Terima kasih atas perhatian dan dukungan dari teman-teman media kepada konstruksi proyek kereta cepat Jakarta-Bandung. Proyek kereta cepat Jakarta-Bandung merupakan proyek strategis nasional Indonesia dan proyek sinergi penting inisiatif "Belt and Road" Tiongkok dan konsep "Poros Maritim Global" Indonesia, sehingga dipentingkan dan didukung oleh kepala kedua negara. Tahun ini, pembangunan proyek berlanjut secara mantap. Pembebasan lahan hampir selesai, kemajuan konstruksi mendekat setengah, dan beberapa proyek terowongan yang kontrol telah rampung.

Sementara itu, karena pandemi COVID-19, beberapa karyawan manajemen dan teknis penting tidak dapat balik ke Indonesia setelah liburan Tahun Baru Imlek, yang mengakibatkan karyawan menajemen dan teknis proyek berkurang dan membatasi peran tim pihak Indonesia, sehingga berdampak pada kemajuan proyek dan tidak sesuai dengan kepentingan bersama kedua pihak.

Pada saat ini, Indonesia telah memasuki "normal baru" dan tatanan ekonomi dan sosial dipulihkan secara bertahap. Hari terakhir, Presiden Jokowi minta terus mendorong pembangunan proyek strategis nasional termasuk proyek kereta cepat Jakarta-Bandung. Karyawan pihak Tiongkok yang berpartisipasi dalam pembangunan proyek kembali ke posisinya dan bergantian akan bermanfaat untuk menggabungkan kekuatan kedua pihak dan mempercepat pembangunan proyek, sehingga terwujudnya sasaran pembangunan yang diharapkan pemerintah Indonesia dan menguntungkan rakyat Indonesia.

Kami telah memperhatikan laporan dari media bahwa pimpinan pemerintah Indonesia mempertimbangkan untuk membangun jalur perpanjangan kereta cepat dari Bandung ke Surabaya, dan mengundang perusahaan Tiongkok dan Jepang untuk berpartisipasi.

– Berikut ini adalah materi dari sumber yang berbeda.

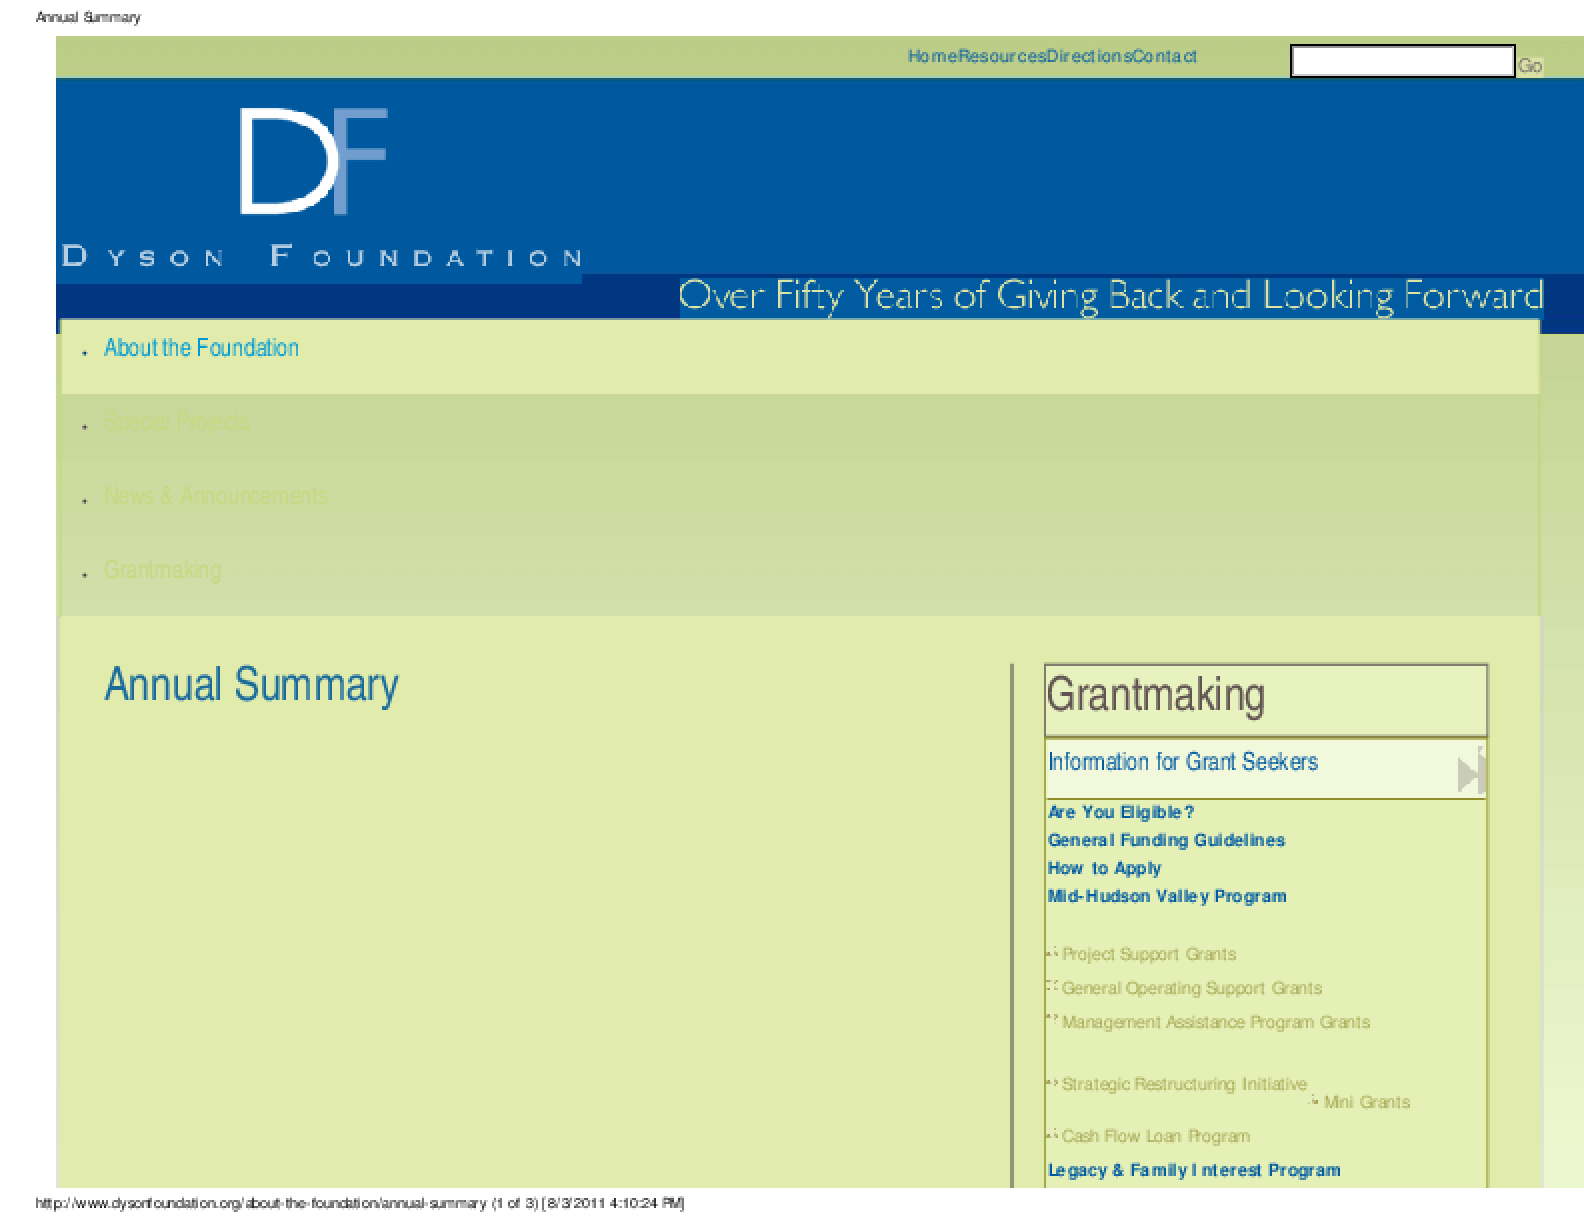 Dyson Foundation 2010 Annual Report

Pihak Tiongkok terbuka terhadap usulan tersebut dan bersedia menjaga komunikasi dengan pihak Indonesia. Tetapi sekarang yang harus diutamakan adalah pembangunan proyek kereta cepat Jakarta-Bandung.

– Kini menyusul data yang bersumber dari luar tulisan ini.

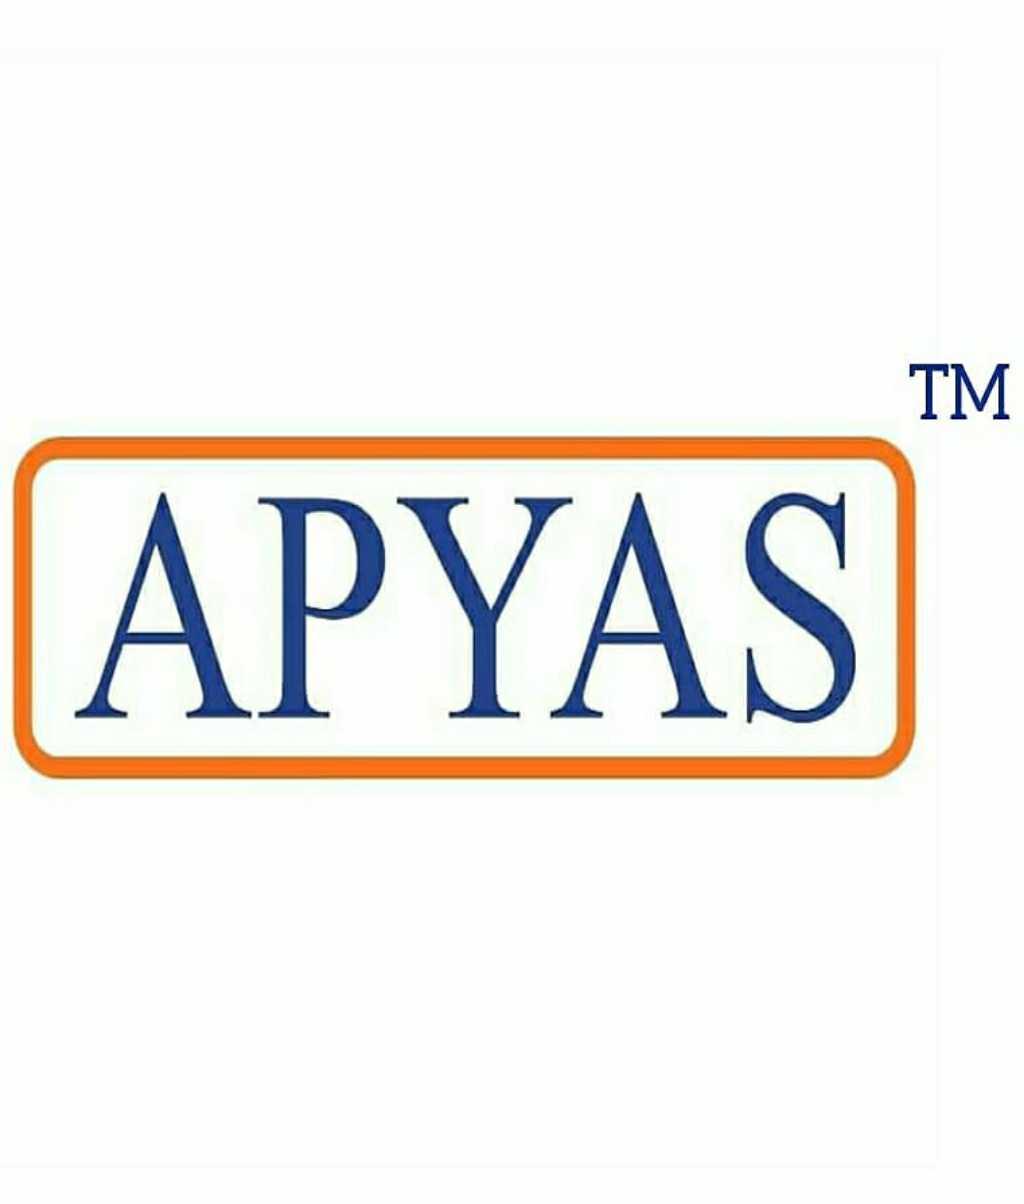 APYAS MOTO GARAGE EQUIPMENT

6. Metro TV bertanya, apa saran Tiongkok bagi Indonesia untuk memerangi pandemi COVID-19? Apa bantuan dari Tiongkok bisa diberikan kepada Indonesia?

Sejak terjadinya pandemi COVID-19, pemerintah Indonesia berdasarkan kondisi negara sendiri secara komprehensif menerapkan berbagai langkah, termasuk pembatasan sosial berskala besar(PSBB). Menurut data yang dipublikasi saat ini, dibandingkan dengan negara lain yang besar populasinya, kasus positif dan

meninggal Indonesia berada di tingkat yang relatif rendah, yang menwujudkan langkah pencegahan dan pengendalian Indonesia mencapaikan hasif nyata. Diyakinkan bahwa di bawah kepemimpinan Presiden Jokowi, rakyat Indonesia pasti dapat memenangi perang melawan pandemi COVID-19.

Tadi saya sudah memperkenalkan kerja sama lawan pandemi COVID-19 antara Tiongkok dan Indonesia. Pada tahap selanjutnya, Tiongkok bersedia untuk terus memberikan dukungan kepada Indonesia dalam bantuan materi, pertukaran pengalaman, penelitian dan pengembangan vaksin dan bidang lainnya, serta memperkuat kerja sama dengan Indonesia di platform multilateral seperti Organisasi Kesehatan Dunia dan G20, sehingga bersama membangun komunitas dengan masa depan bersama bagi kesehatan umat manusia.